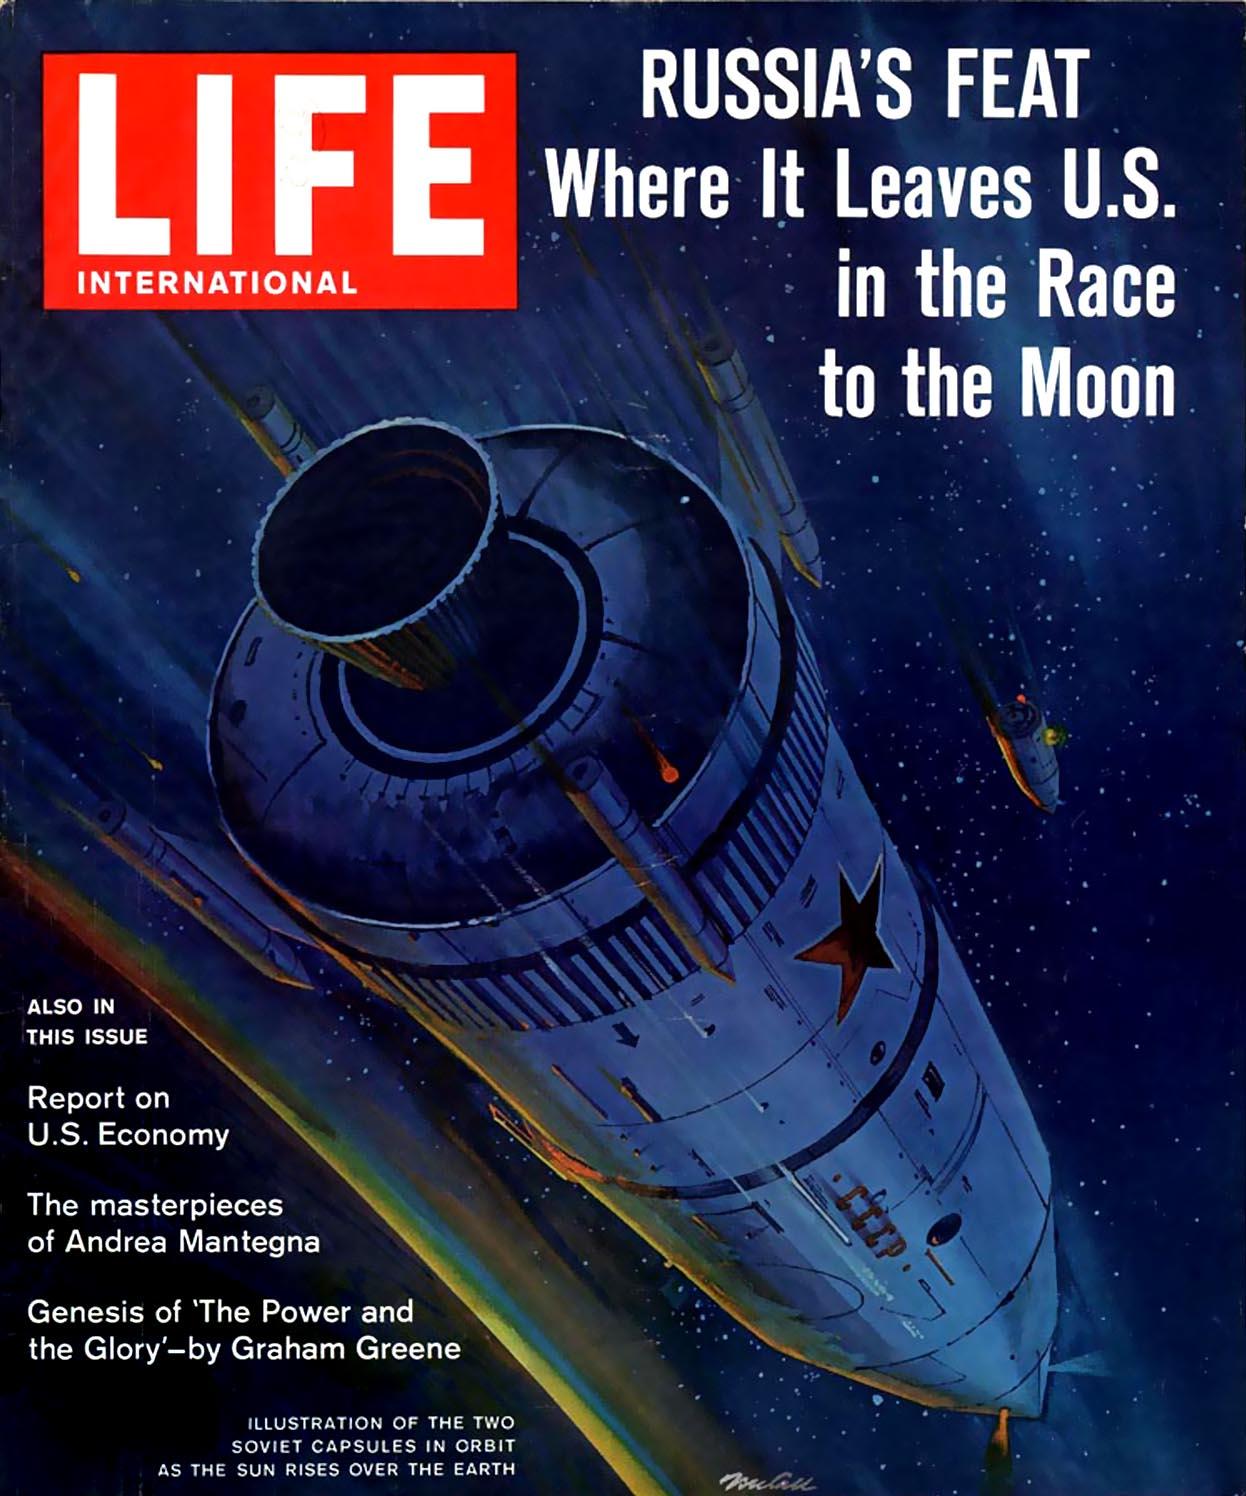 ATOMIC-ANNIHILATION: 1962 ... Space Race
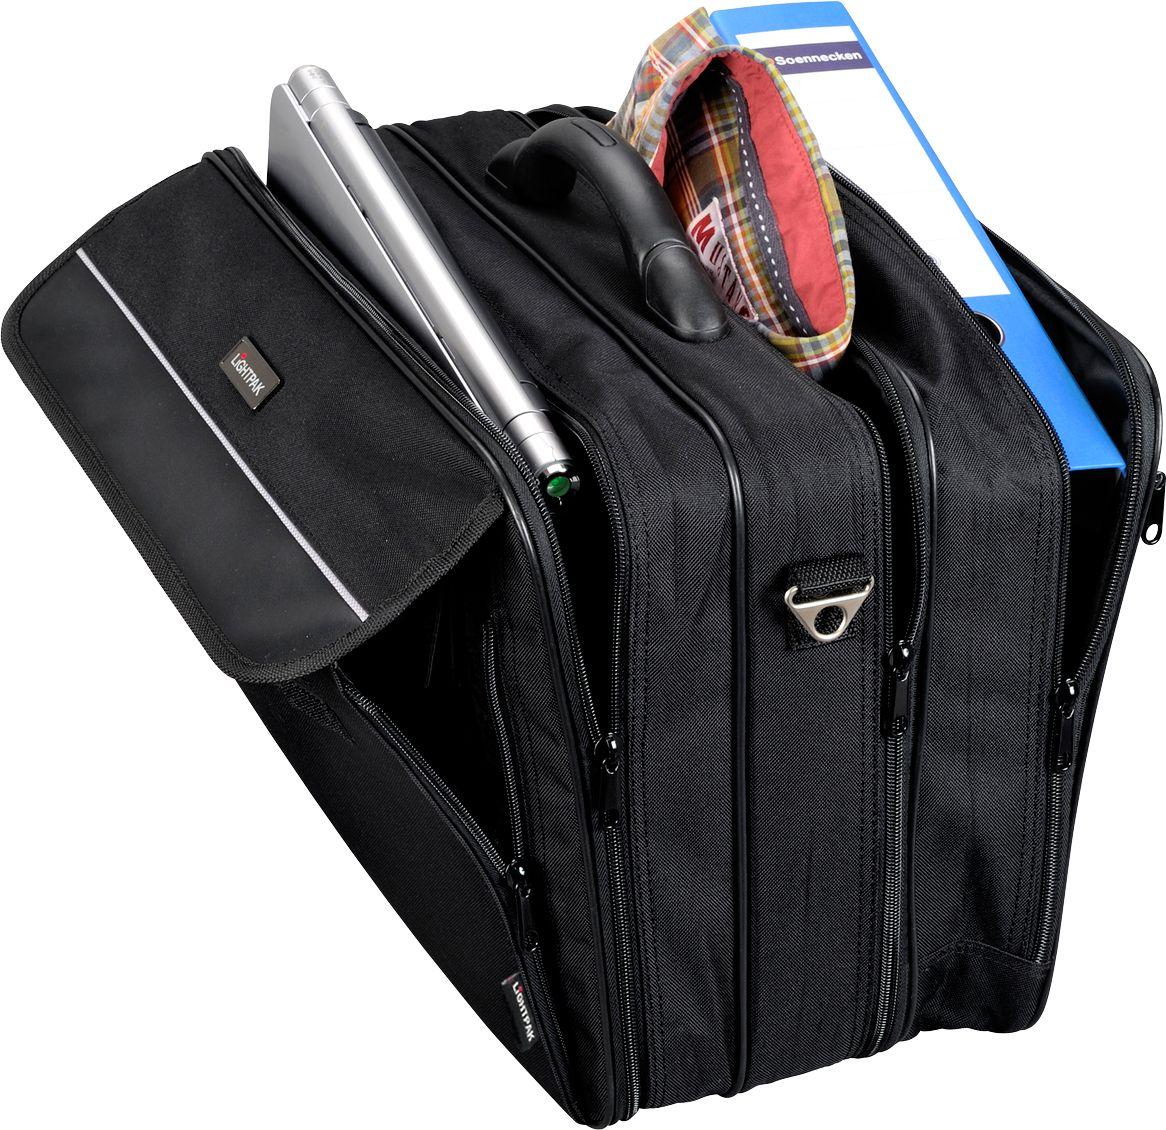 lightpak notebook tasche corniche f 17 zoll laptops 3. Black Bedroom Furniture Sets. Home Design Ideas
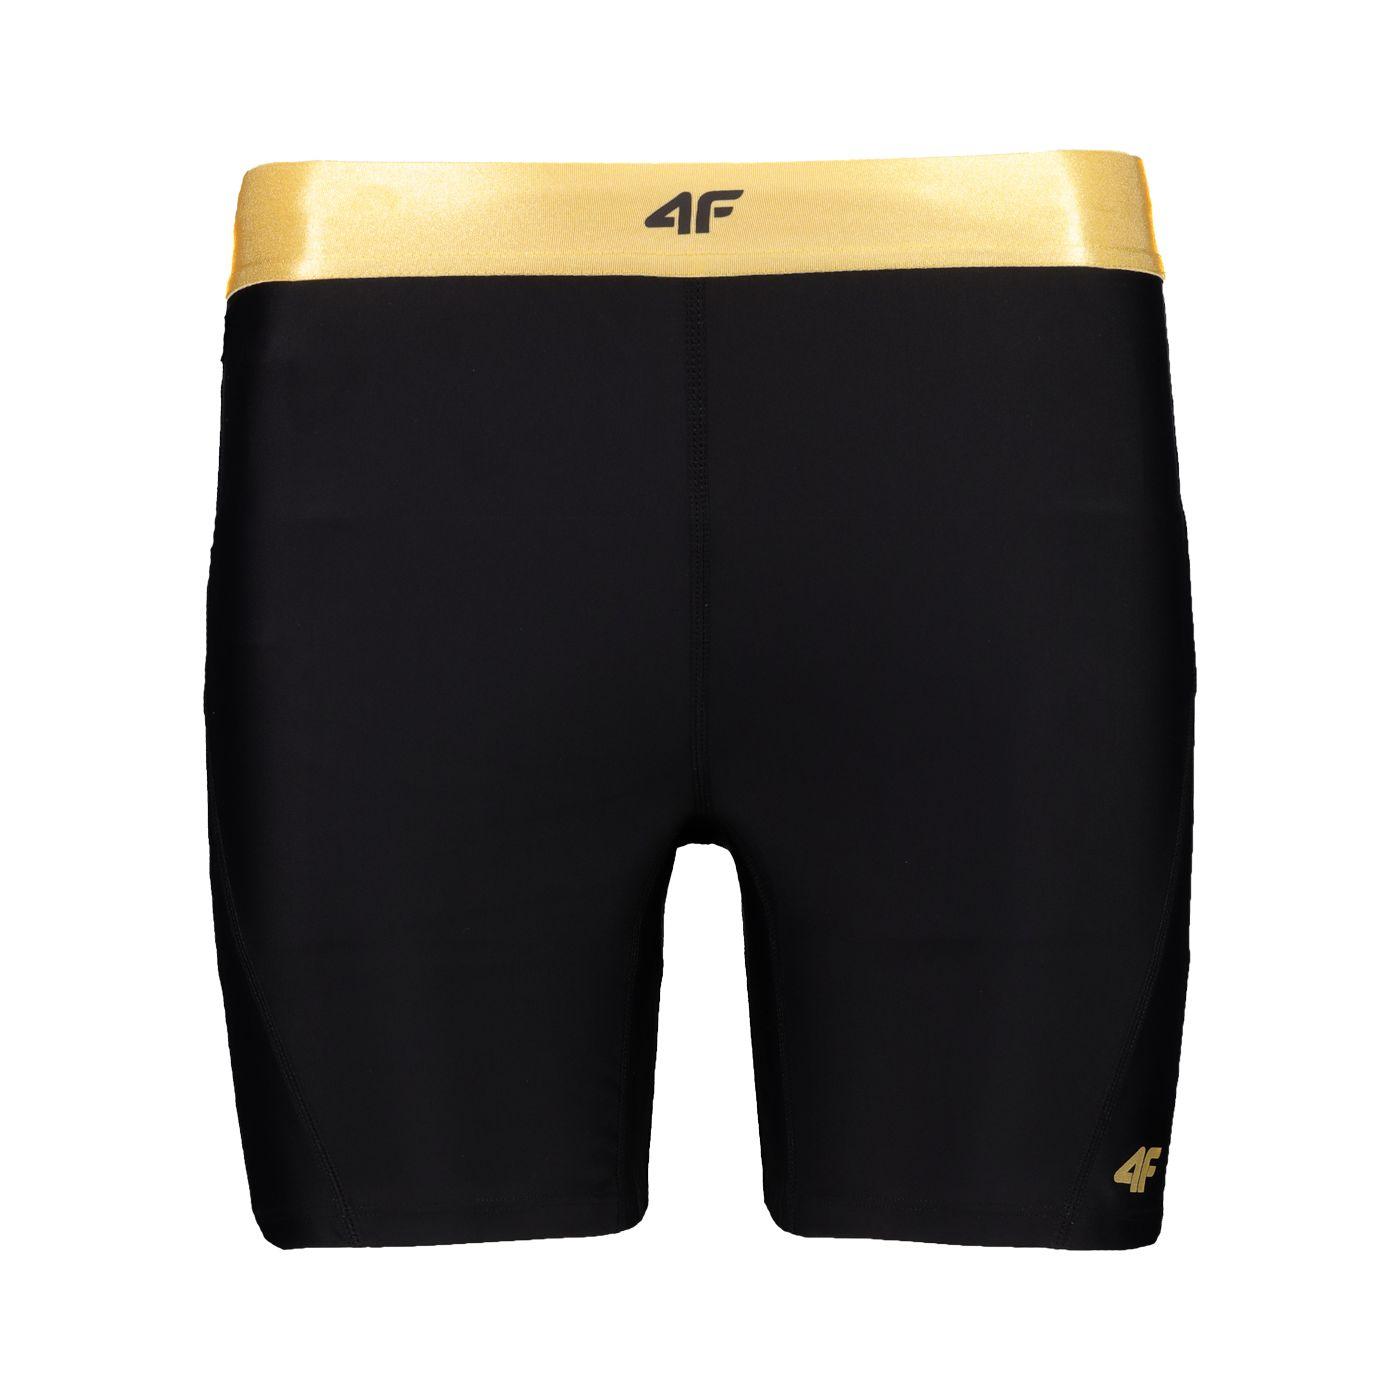 Women's shorts 4F SKDF002
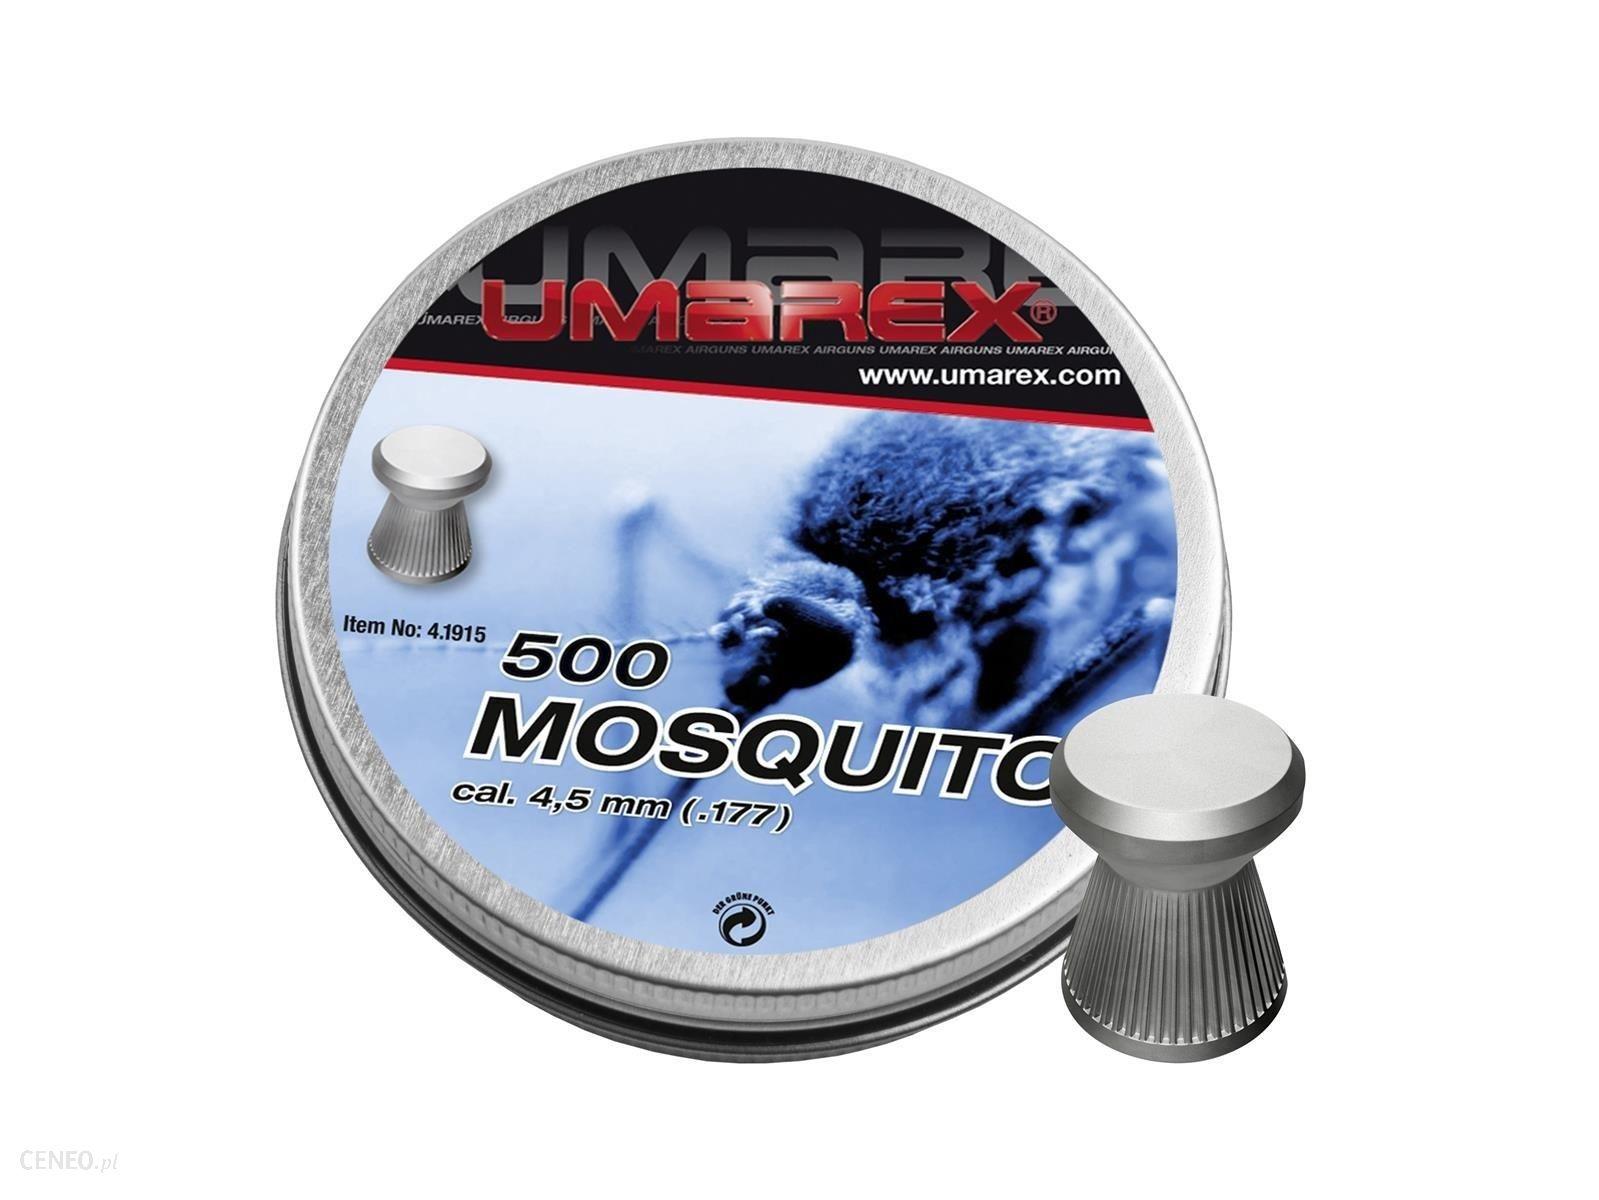 Umarex Śrut Diabolo Mosquito Ribbed 4

━━━━━━

#### TASK BRIEF:
What this calls for is a word-for-word copy of the listing above, pictures excluded.

#### SOLUTION TO THIS TASK:
 ATOMIC-ANNIHILATION: 1962 ... Space Race
 lightpak notebook tasche corniche f 17 zoll laptops 3. Black Bedroom Furniture Sets. Home Design Ideas
 Women's shorts 4F SKDF002
 Umarex Śrut Diabolo Mosquito Ribbed 4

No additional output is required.